### Task to carry out
Please restate the data below word for word, omitting all images.

### Given information
§ §
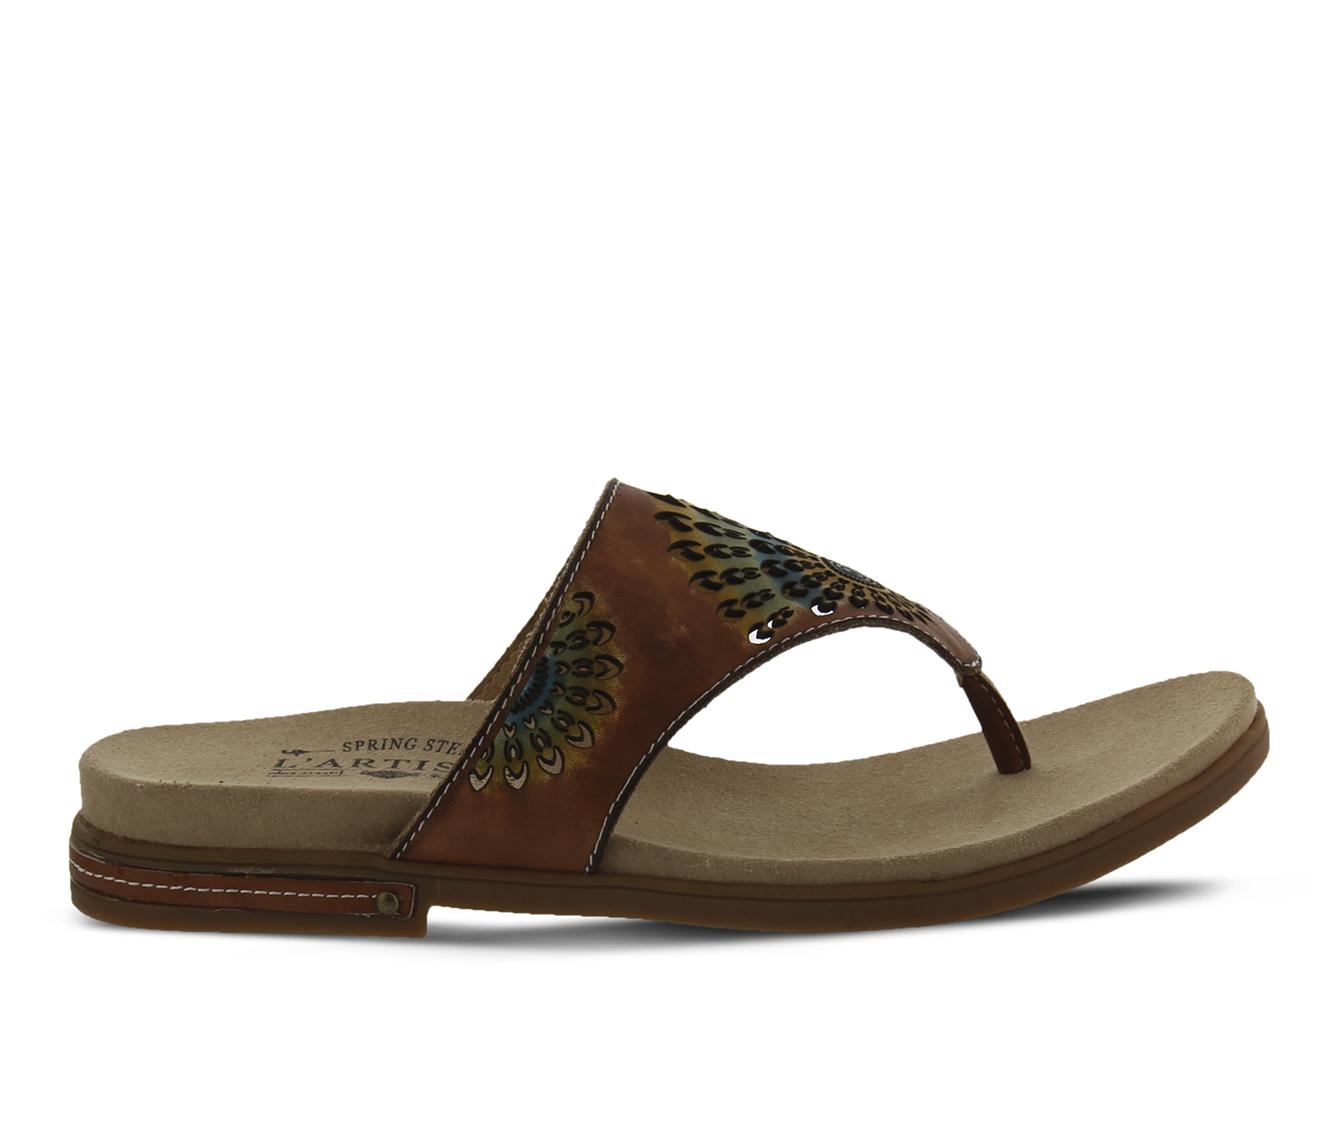 L'Artiste Mayura Women's Sandal (Brown Leather)
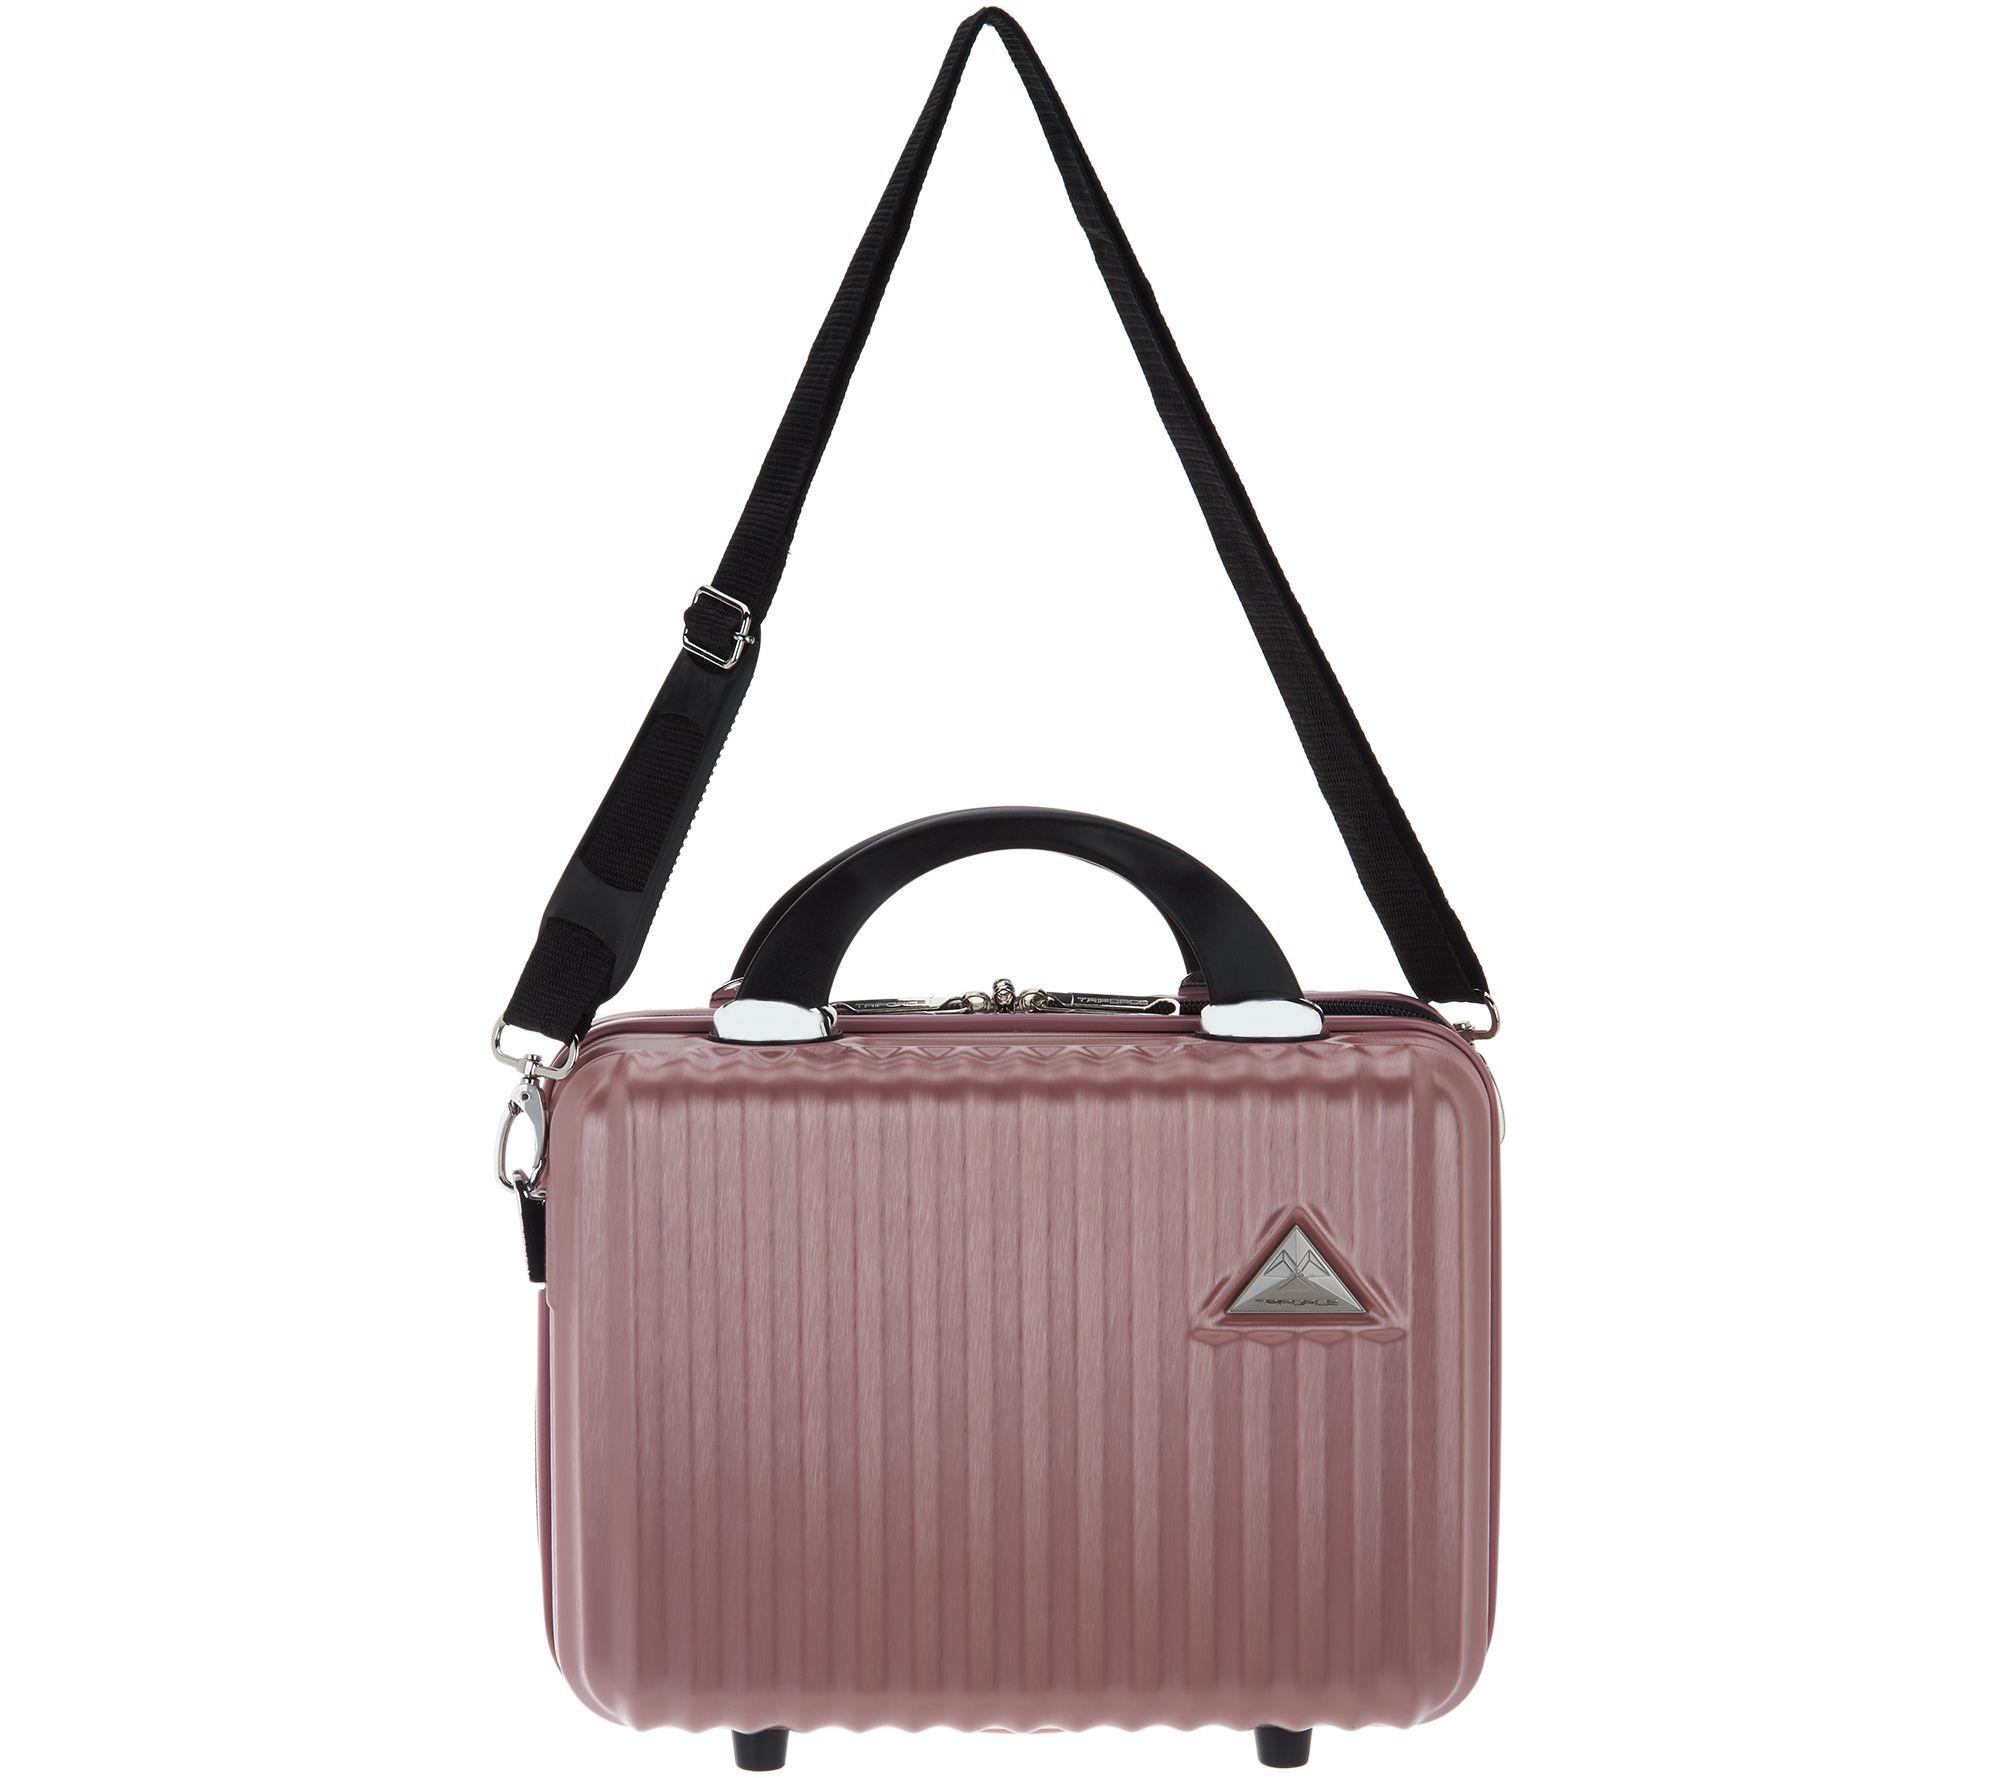 2edbc36172530 Triforce Luggage Hardside Beauty Case - Sobe - Page 1 — QVC.com
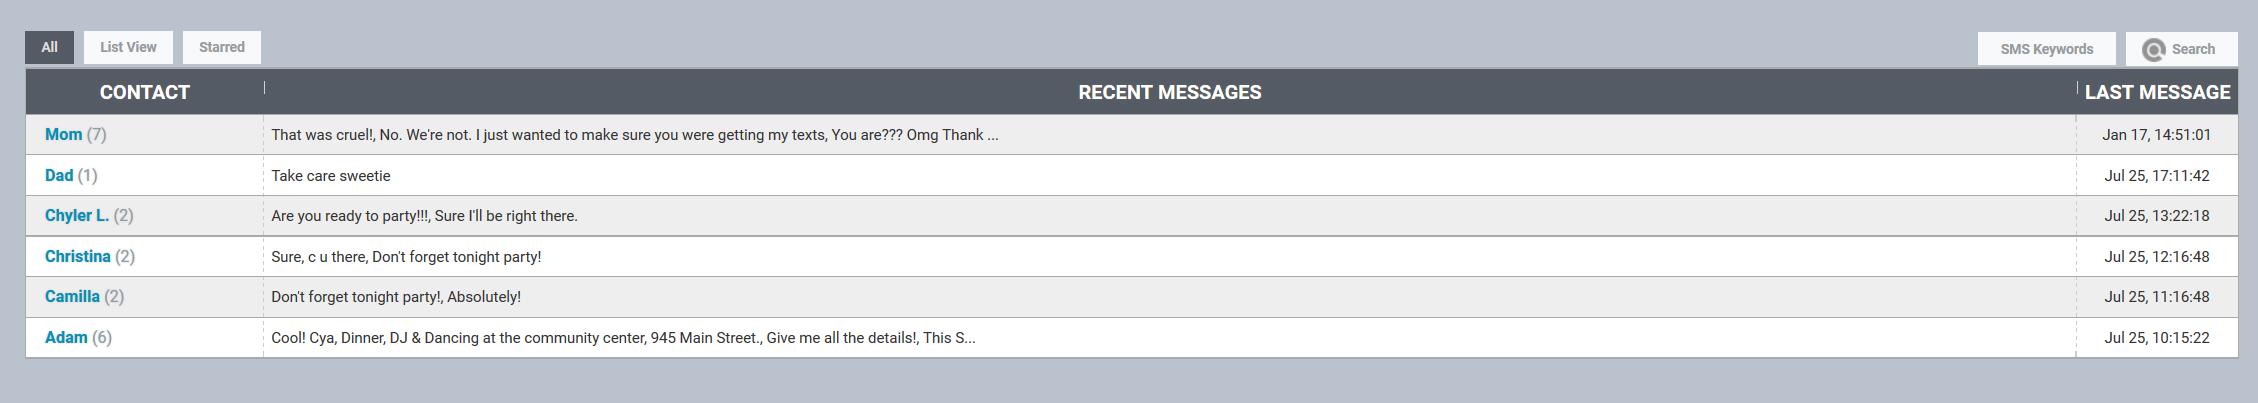 SMS Überwachung
§ §
### Your solution
 L'Artiste Mayura Women's Sandal (Brown Leather)
 2edbc36172530 Triforce Luggage Hardside Beauty Case - Sobe - Page 1 — QVC.com
 SMS Überwachung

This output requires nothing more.